Source : Webster's Revised Unabridged Dictionary (1913)

Species \Spe"cies\, n. sing. & pl. [L., a sight, outward
   appearance, shape, form, a particular sort, kind, or quality,
   a species. See {Spice}, n., and cf. {Specie}, {Special}.]
   1. Visible or sensible presentation; appearance; a sensible
      percept received by the imagination; an image. [R.] ``The
      species of the letters illuminated with indigo and
      violet.'' --Sir I. Newton.

            Wit, . . . the faculty of imagination in the writer,
            which searches over all the memory for the species
            or ideas of those things which it designs to
            represent.                            --Dryden.

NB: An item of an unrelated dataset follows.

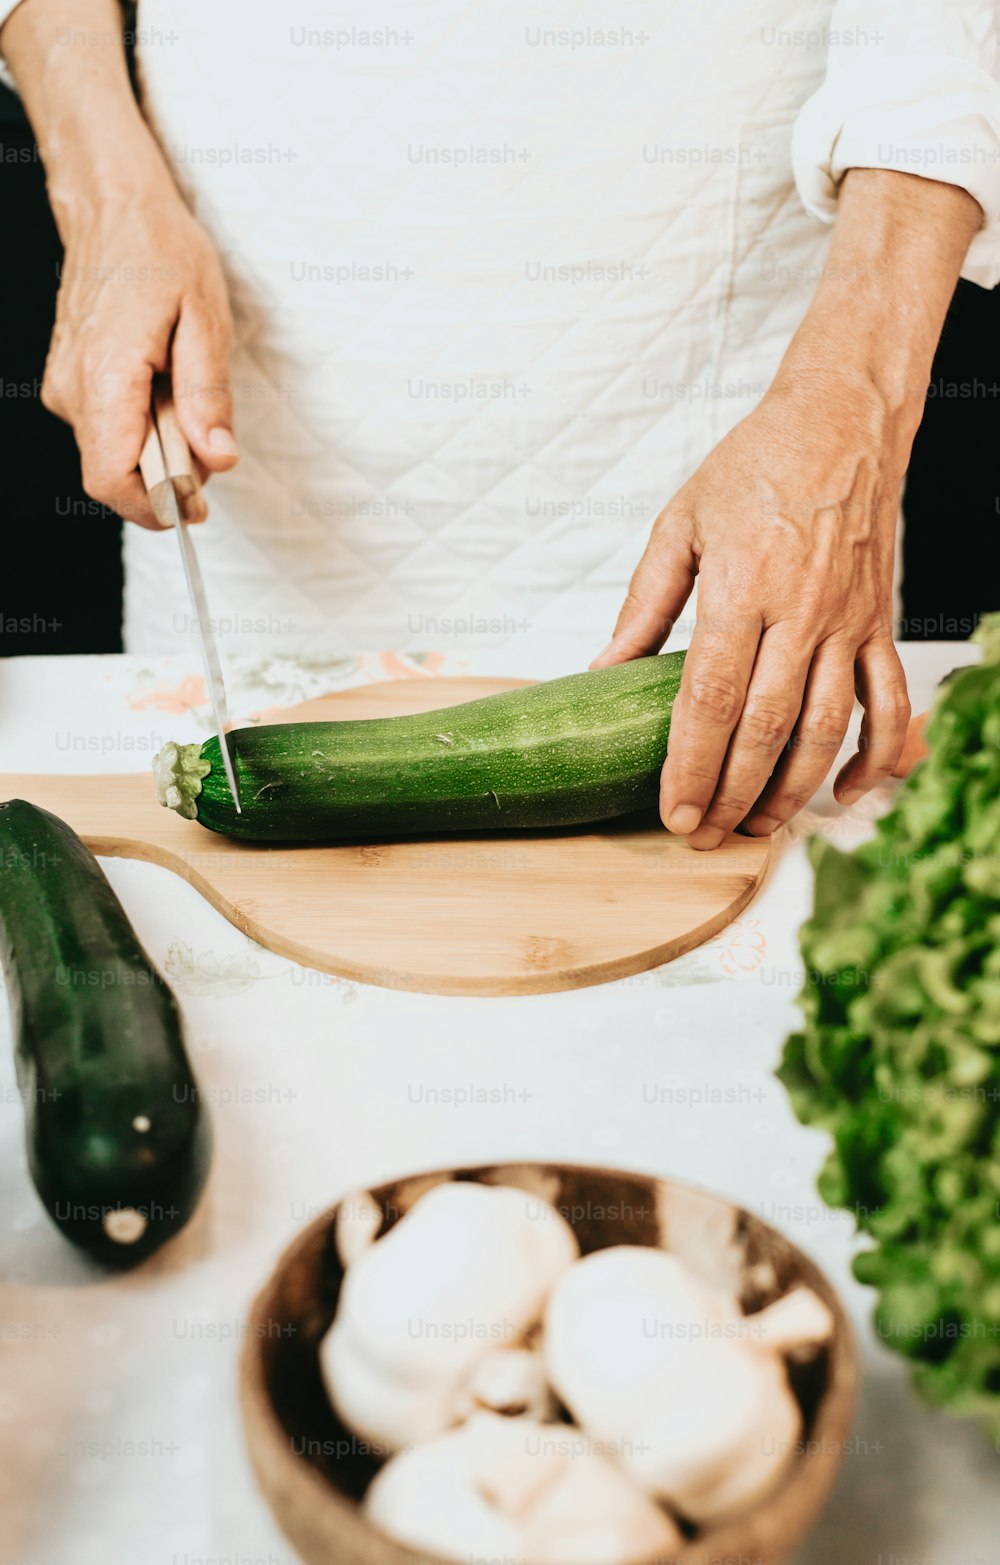 a person cutting up a cucumber on a cutting board

   Note: In the scholastic philosophy, the species was sensible
         and intelligible. The sensible species was that in any
         material, object which was in fact discerned by the
         mind through the organ of perception, or that in any
         object which rendered it possible that it should be
         perceived. The sensible species, as apprehended by the
         understanding in any of the relations of thought, was
         called an intelligible species. ``An apparent diversity
         between the species visible and audible is, that the
         visible doth not mingle in the medium, but the audible
         doth.'' --Bacon.

   2. (Logic) A group of individuals agreeing in common
      attributes, and designated by a common name; a conception
      subordinated to another conception, called a genus, or
      generic conception, from which it differs in containing or
      comprehending more attributes, and extending to fewer
      individuals. Thus, {man} is a species, under {animal} as a
      genus; and man, in its turn, may be regarded as a genus
      with respect to {European}, {American}, or the like, as
      species.

   3. In science, a more or less permanent group of existing
      things or beings, associated according to attributes, or
      properties determined by scientific observation.

   Note: In mineralogy and chemistry, objects which possess the
         same definite chemical structure, and are fundamentally
         the same in crystallization and physical characters,
         are classed as belonging to a species. In zo["o]logy
         and botany, a species is an ideal group of individuals
         which are believed to have descended from common
         ancestors, which agree in essential characteristics,
         and are capable of indefinitely continued fertile
         reproduction through the sexes. A species, as thus
         defined, differs from a variety or subspecies only in
         the greater stability of its characters and in the
         absence of individuals intermediate between the related
         groups.

   4. A sort; a kind; a variety; as, a species of low cunning; a
      species of generosity; a species of cloth.

   5. Coin, or coined silver, gold, ot other metal, used as a
      circulating medium; specie. [Obs.]

            There was, in the splendor of the Roman empire, a
            less quantity of current species in Europe than
            there is now.                         --Arbuthnot.

   6. A public spectacle or exhibition. [Obs.] --Bacon.

   7. (Pharmacy)
      (a) A component part of compound medicine; a simple.
      (b) (Med.) An officinal mixture or compound powder of any
          kind; esp., one used for making an aromatic tea or
          tisane; a tea mixture. --Quincy.

   8. (Civil Law) The form or shape given to materials; fashion
      or shape; form; figure. --Burill.

   {Incipient species} (Zo["o]l.), a subspecies, or variety,
      which is in process of becoming permanent, and thus
      changing to a true species, usually by isolation in
      localities from which other varieties are excluded.